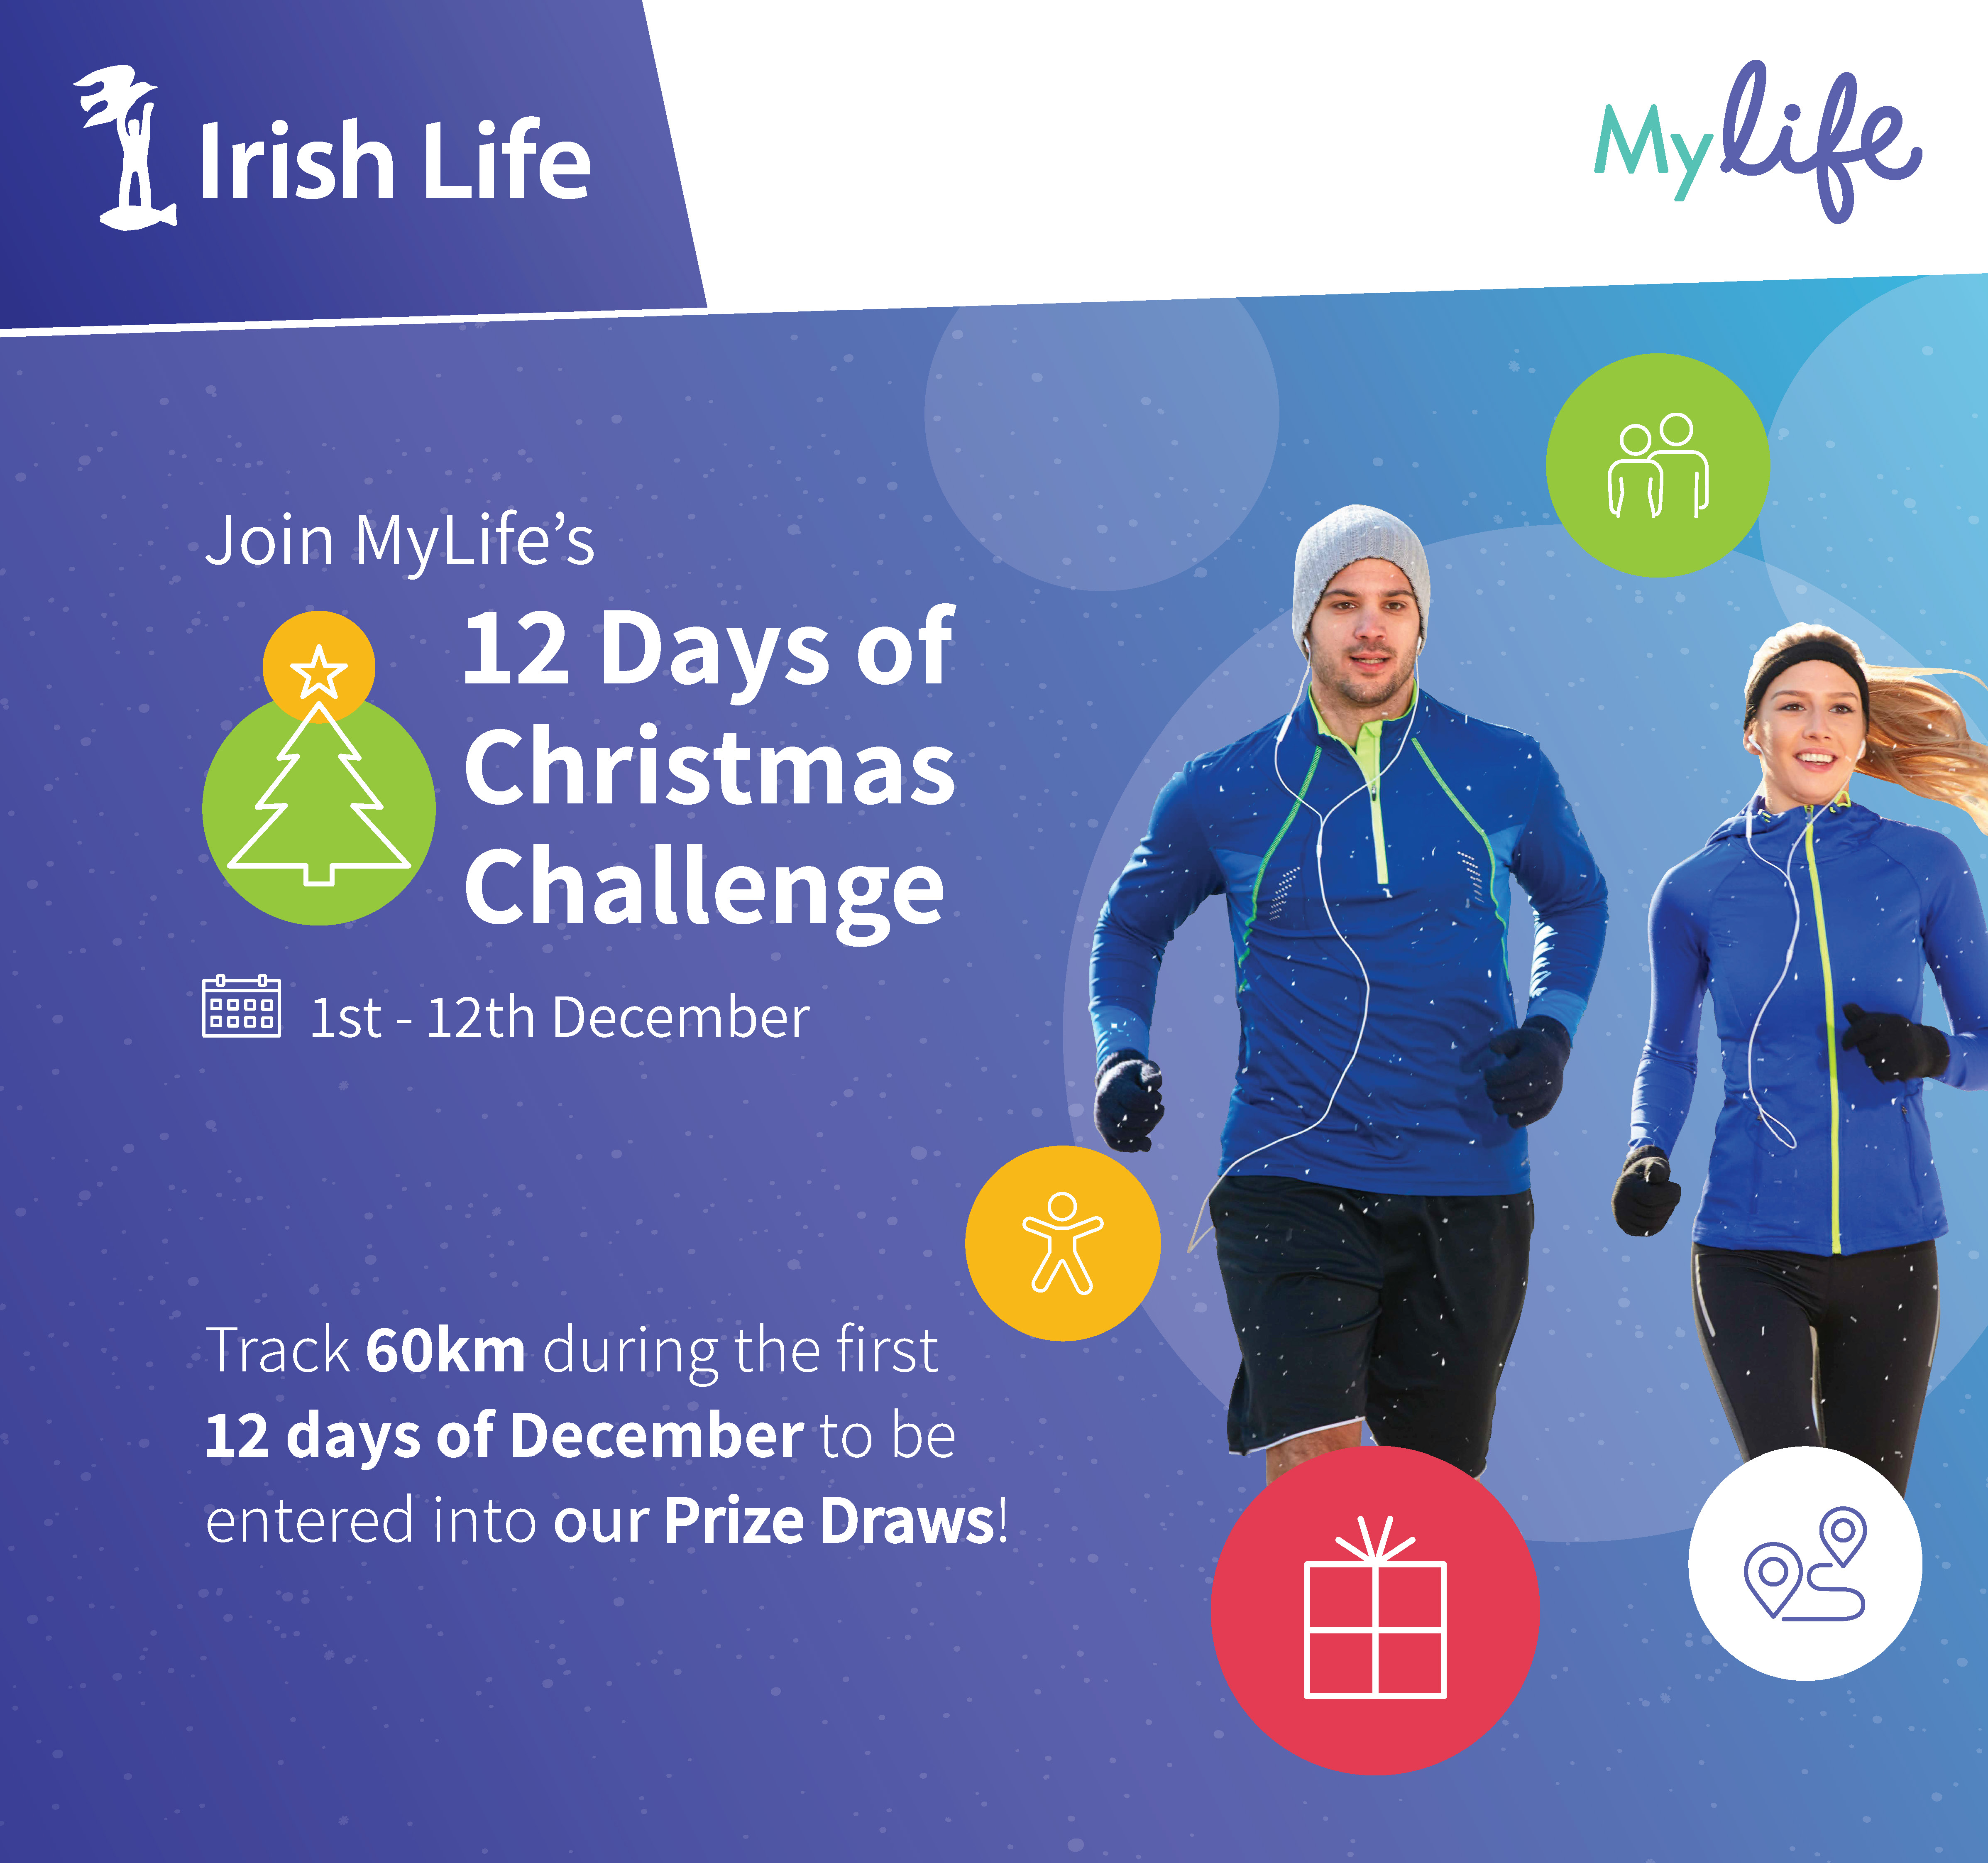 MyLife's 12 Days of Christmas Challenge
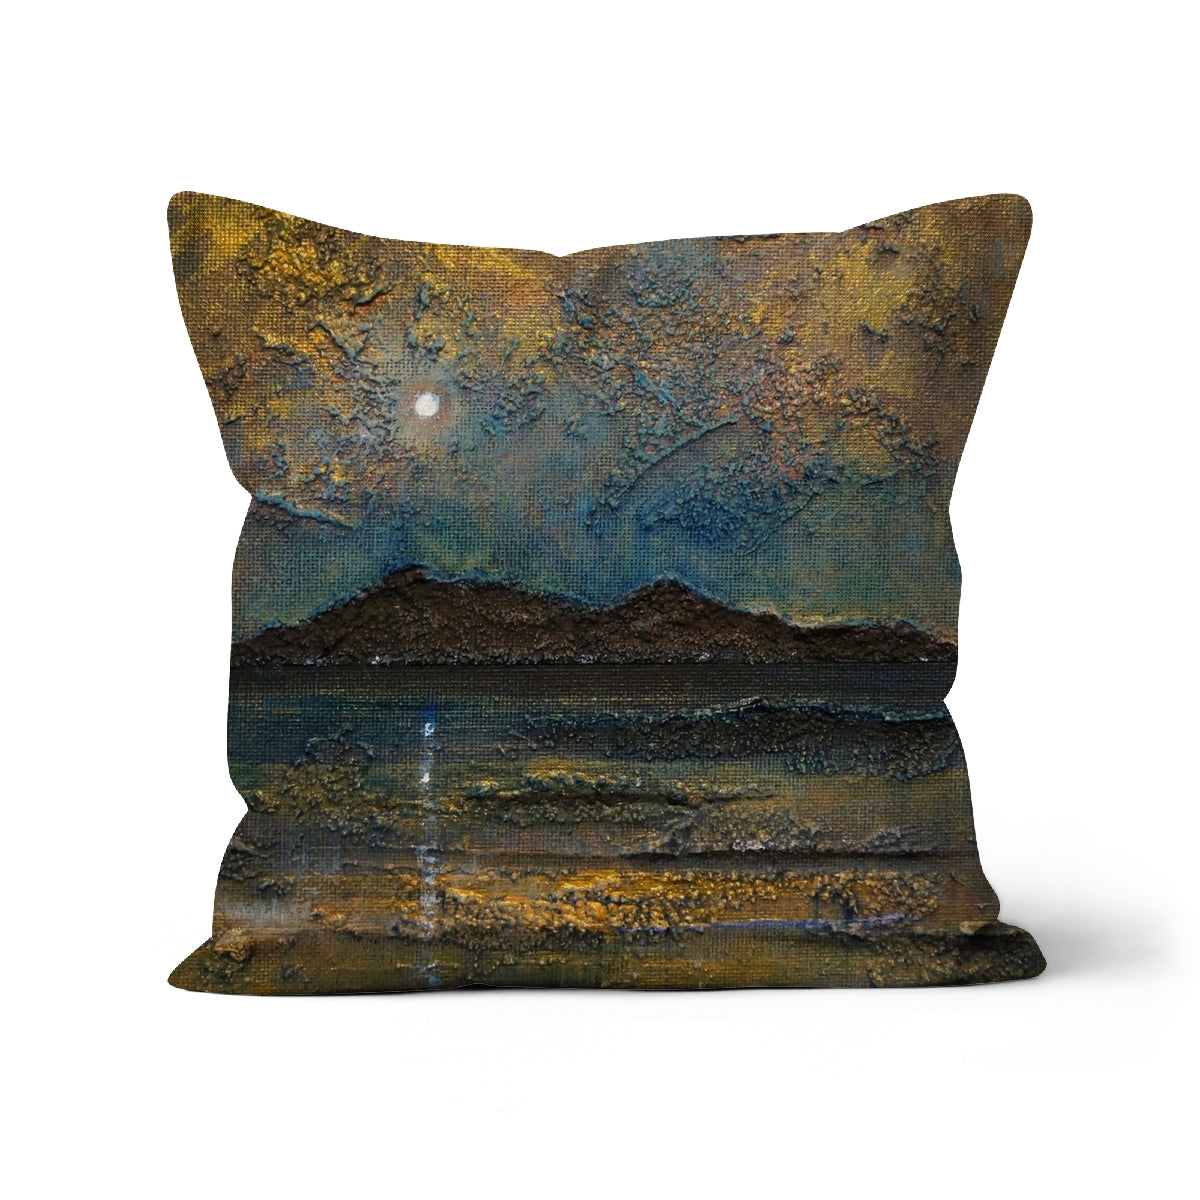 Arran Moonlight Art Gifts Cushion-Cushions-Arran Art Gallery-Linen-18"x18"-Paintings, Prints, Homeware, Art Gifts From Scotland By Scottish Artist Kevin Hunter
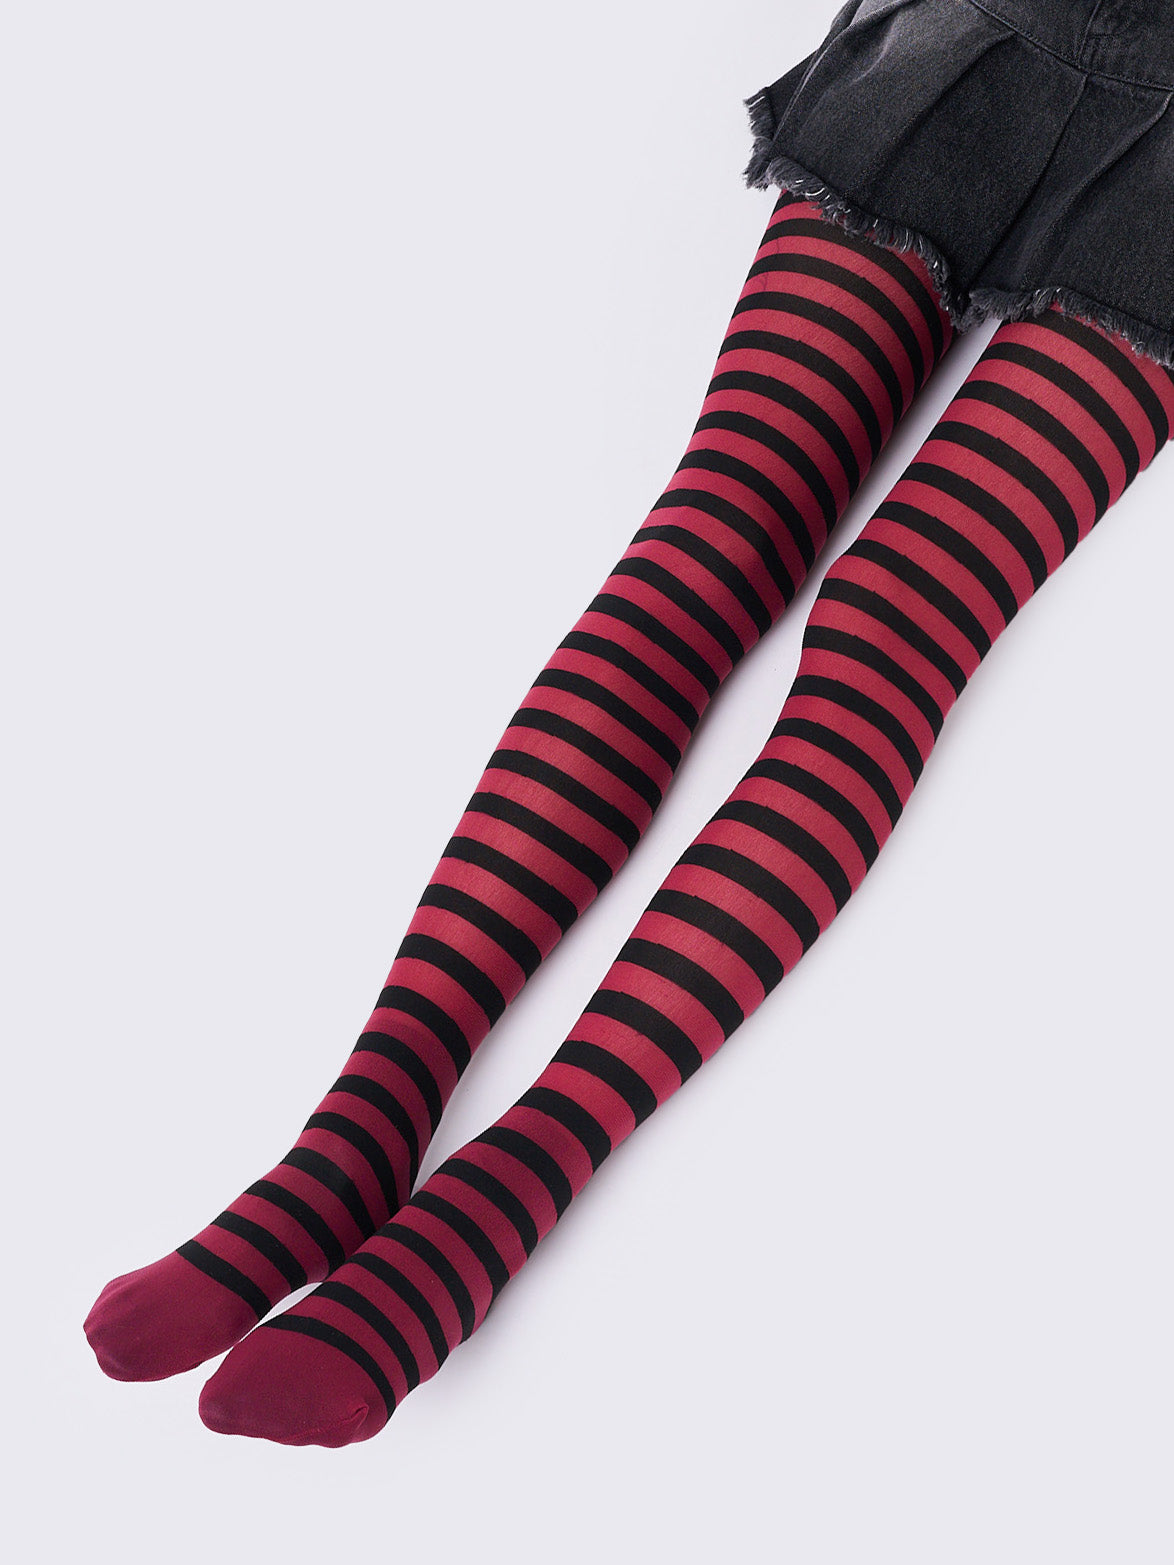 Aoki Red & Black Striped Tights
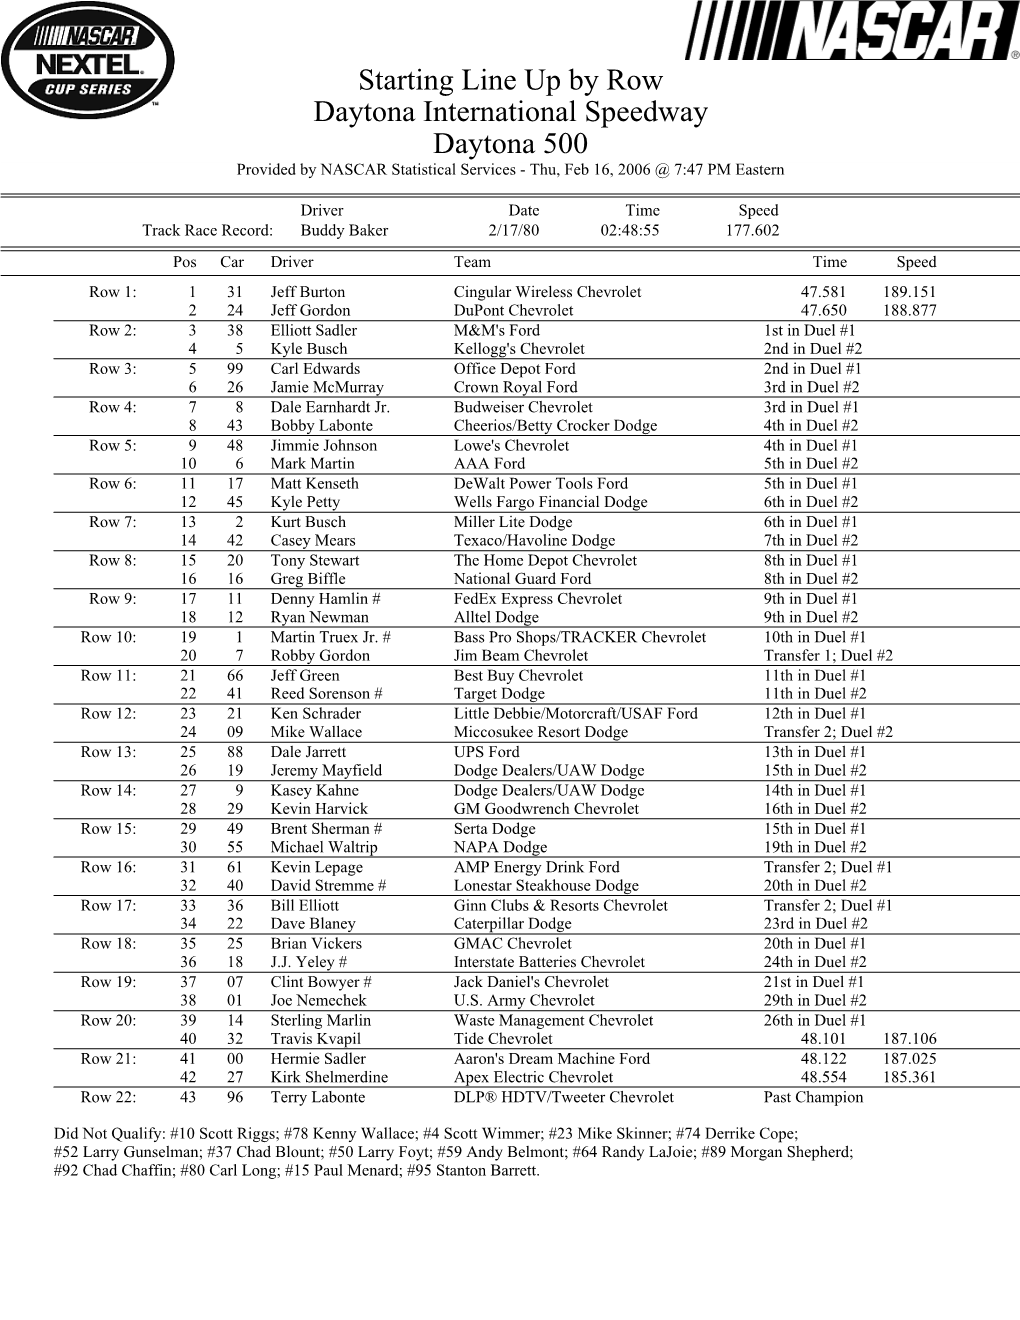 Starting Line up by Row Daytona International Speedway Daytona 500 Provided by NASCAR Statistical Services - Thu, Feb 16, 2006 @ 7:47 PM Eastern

_ _ _ _

# DESCRIPTION OF THE TASK:
Every line of the listing above is to be set down verbatim, without the pictures.

# SOLUTION TO THE EXERCISE:
 MyLife's 12 Days of Christmas Challenge
 Arran Moonlight Art Gifts Cushion-Cushions-Arran Art Gallery-Linen-18"x18"-Paintings, Prints, Homeware, Art Gifts From Scotland By Scottish Artist Kevin Hunter
 Aoki Red & Black Striped Tights
 Starting Line up by Row Daytona International Speedway Daytona 500 Provided by NASCAR Statistical Services - Thu, Feb 16, 2006 @ 7:47 PM Eastern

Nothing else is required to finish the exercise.